Zbyszko’s mistake marked the end of his journey as part of the Dangerous Alliance, a stable that did not remain untouched for long after this event.

Fall Brawl ’94: Dustin & Dusty Rhodes/Nasty Boys vs. Arn Anderson/Bunkhouse Buck/Robert Parker/Terry Funk

Unfortunately, once the concept of “War Games” became a WCW Fall Brawl tradition in the mid to late 90s, the quality of the matches began to decline. Variants of the nWo began to take over and the programs became less attractive.

The only exception came a couple of years before the birth of the nWo at Fall Brawl ’94, when Dusty and Dustin Rhodes teamed up with the Nasty Boys to take on the foursome of Anderson, Buck, Colonel Parker and hardcore icon Funk herself.
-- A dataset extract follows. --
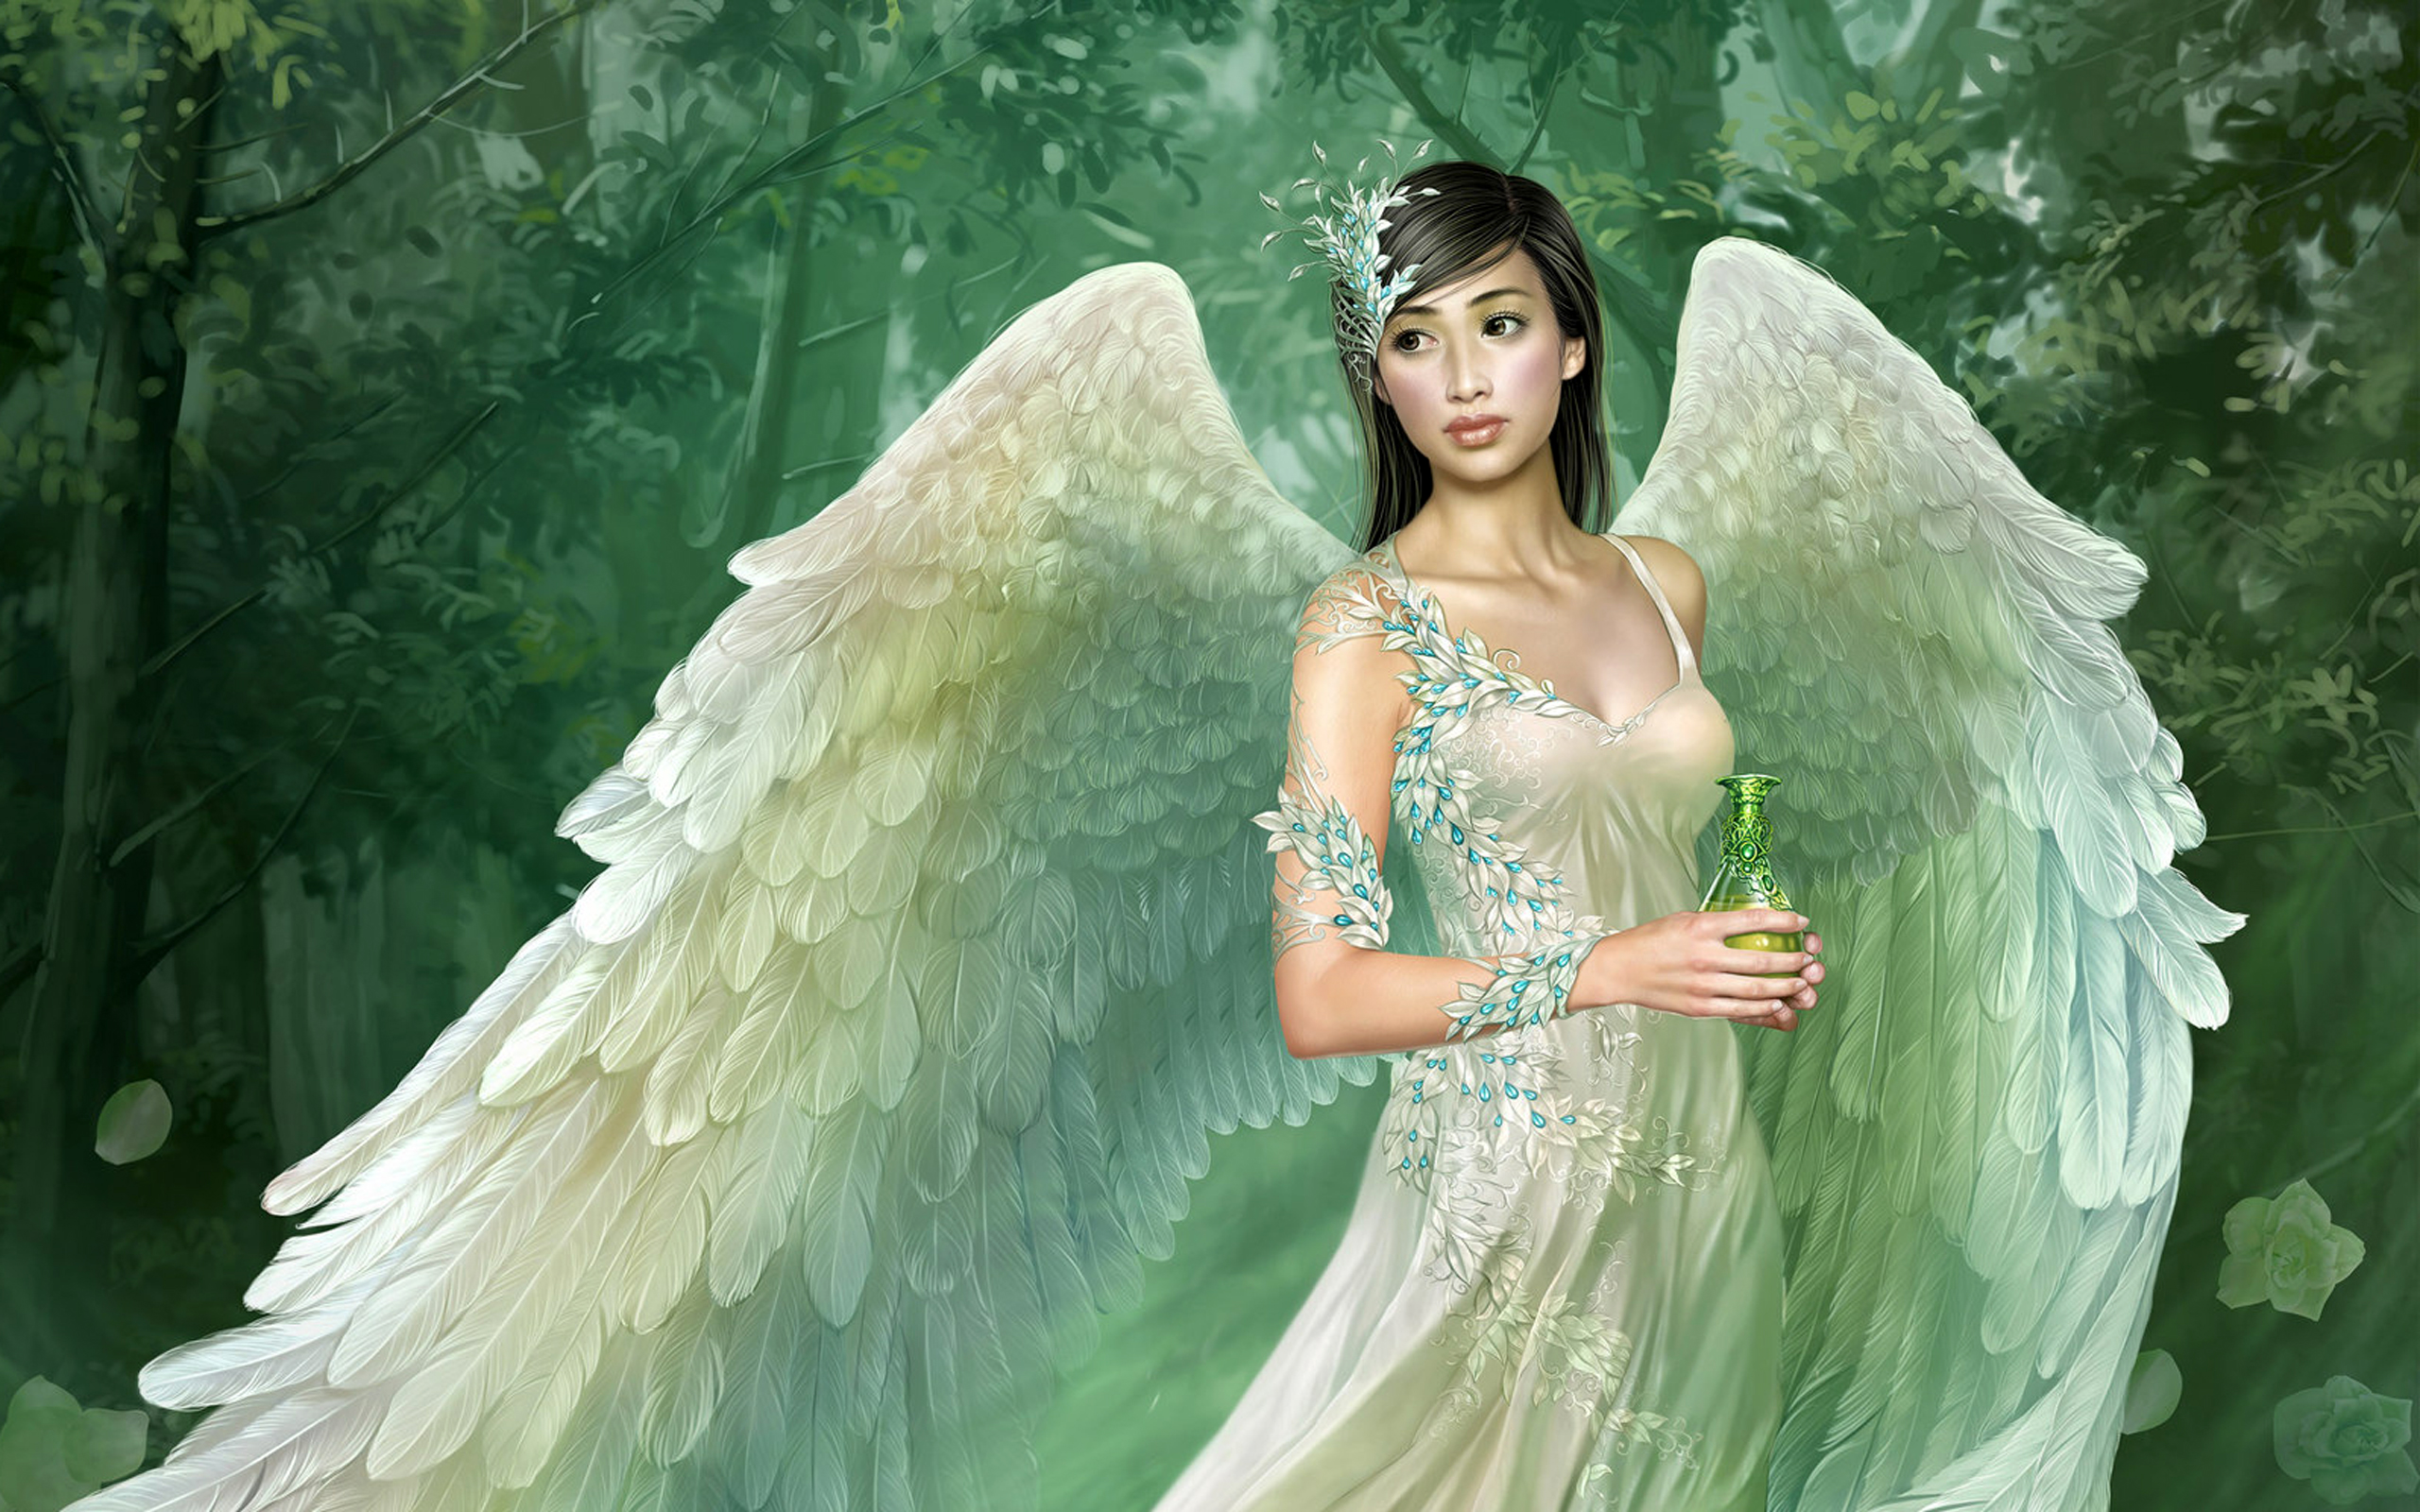 Fantasy artwork featuring an angel with majestic wings - Love Potion by Yuehui Tang.

The match was built on the unexpected inclusion of Parker (manager) in the fight after the executive board eliminated one of the original team members, Maine.

This wild card, combined with Anderson’s recent betrayal of Dustin Rhodes, created an exciting atmosphere and the match went well.

The clash included an entertaining kick-off in which Dustin and Anderson, two outstanding players, played for five minutes, as well as all the expected pandemonium that comes with War Games.

The match ended when Dusty Rhodes, the last member of the match, cleaned the house and applied a four-leg lock to Parker while the Nasty Boys constantly dropped their elbows on him. Officials called for a call, and Rhodes’ reunion was a success.